Нодар Джин - История моего самоубийства
Выйдя из лифта и подступив уже к двери с табличкой «Геннадий Краснер», я поэтому так и не знал — что же именно придется сказать на прощание чужой женщине по имени Люба и ее дочери по имени Ирина. Быть может, изреку что-нибудь столь же грустное, сколь грустным я себе раньше казался: в исступлении страсти, скажу, больше справедливости, чем в правилах жизни; ведь живем же все мы, люди, по этим правилам, — и вот нам, увы, не живется; каждый ведь день пробуем, но нет, не живется… Или, наоборот, скажу им что-нибудь легкое, как легким, — легче, чем мир, я себе казался сейчас: у нас была любовь, потому что любовь, как сказал веселый поэт, — не тоскливый стон скрипок, а визг матрасных пружин. Или скажу что-нибудь такое, что будет непонятно мне самому, а потому позволит не только объяснить происшедшее, но и сохранить к нему интерес. Например: единственный способ выявить пределы возможного — это, знаете, выйти из него в область невозможного. А может быть, подумал я, ничего говорить не надо, потому что любые слова, а не только эти — всегда не твои, а чужие слова, чужие, ни чьи переживания и чужие же, ни чьи догадки. Может быть, я так ничего им и не скажу: заберу свою синюю тетрадь и книги, посмотрю на них такими глазами, когда ни о чем не думаешь, и удалюсь. Так же просто и молча, как просто и молча все мы втроем лгали, — не унижаясь до лжи, но всего лишь нагнетая в себе самое изысканное из наслаждений: открытость самообману. Но доступна ли мне эта роскошь молчания? Доступна ли она кому-нибудь? Или это так же недоступно, как никому было недоступно не родиться? Я запутался и, как всегда в таких случаях, почувствовал, что, если не перестану думать, — будет хуже.

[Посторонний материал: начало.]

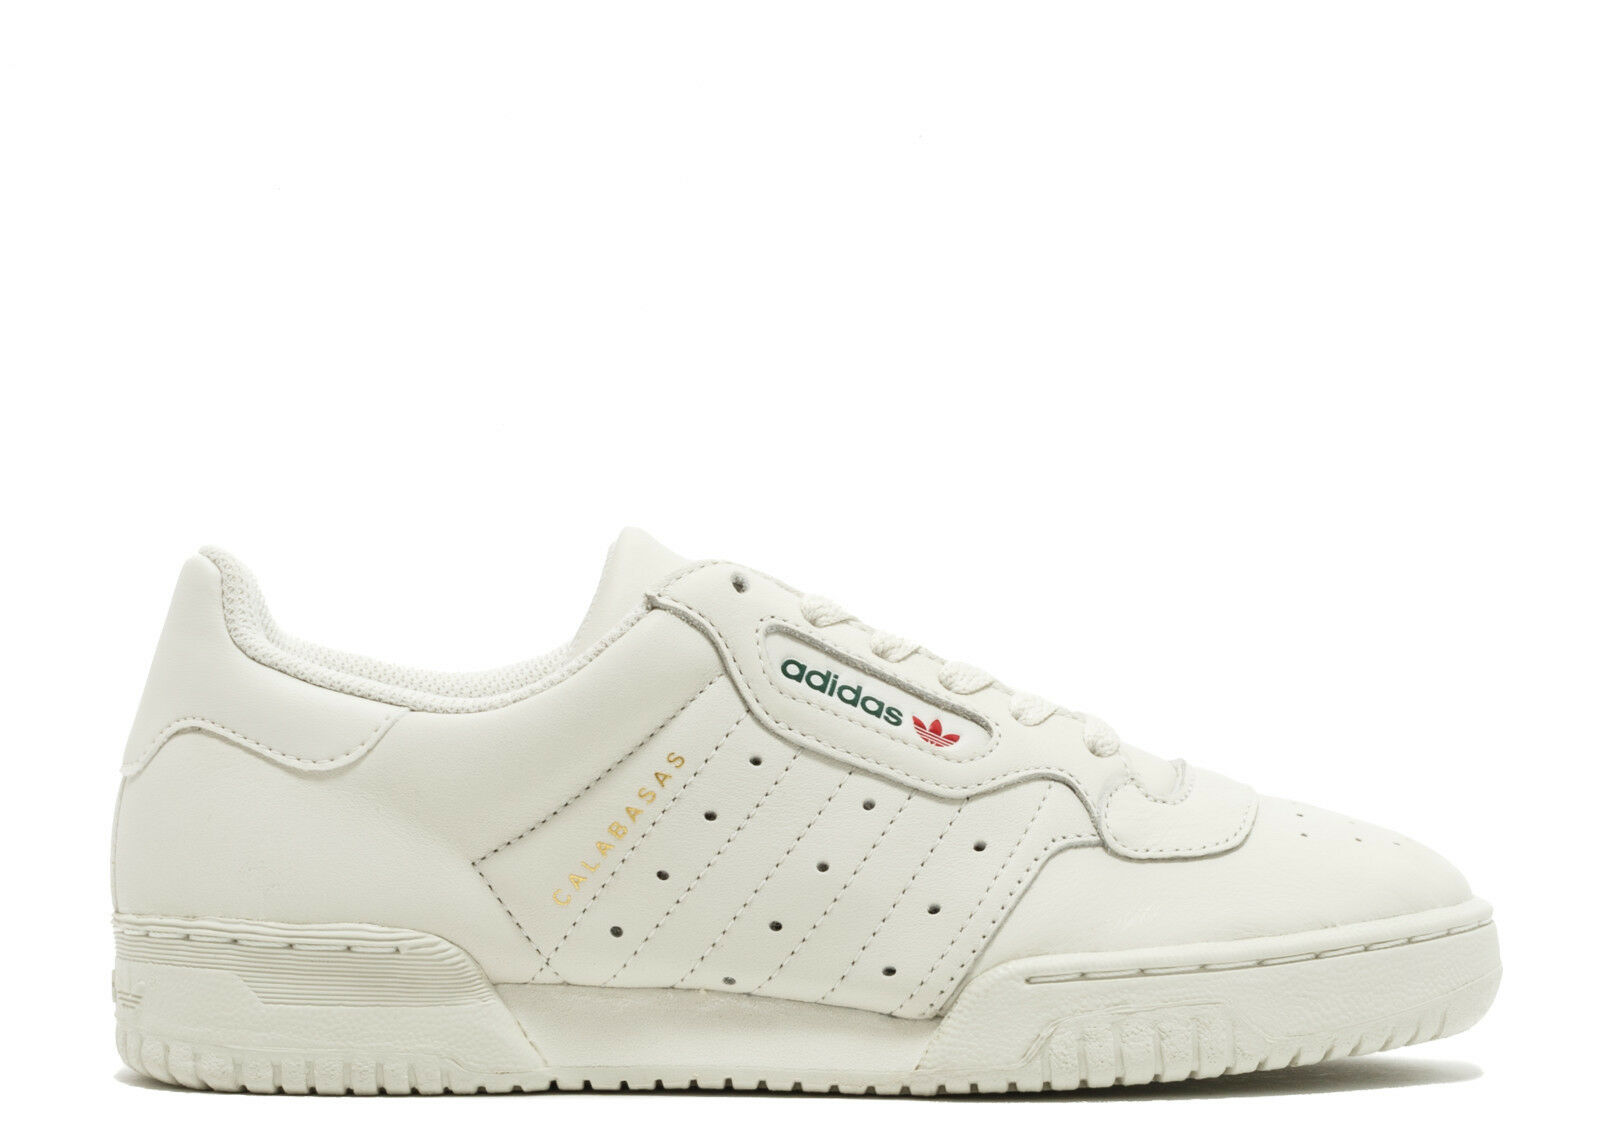 Adidas Yeezy powerphase Calabasas cq1693 Core blanco tamaño / crema og DS tamaño blanco 14 Kanye 393840

Тряхнув головой и выбросив из нее все слова, я вздохнул и ткнул пальцем в кнопку дверного звонка. Дверь не отпирали. Я навалился на кнопку теперь уже кулаком и стал жадно прислушиваться к дребезжанию звонка за дверью, наращивая силу, с которою распинал эту кнопку. Через несколько минут звонок сгорел — и стало тихо. Прислушиваться уже было не к чему, и в панике, снова меня захлестнувшей, стало вдруг ясно, что Любу с Ириной увидеть уже не придется. Эта мысль меня обескуражила, и в непонятном отчаянии я стал выбивать дверь плечом. Наконец, из-за лестничного пролета выступил полуголый индус, показавшийся мне теперь менее статным. Жалея меня и стесняясь то ли из-за отсутствия на нем чесучового кителя, то ли по возвышенной причине, он осторожно сообщил мне, что мою семью вместе с посудой и книгами по медицине умыкнул вчерашний пациент с порезанным кулаком. Зять вызвал полицию, но она опоздала, ругнулась в адрес всех эмигрантов и не составила акта.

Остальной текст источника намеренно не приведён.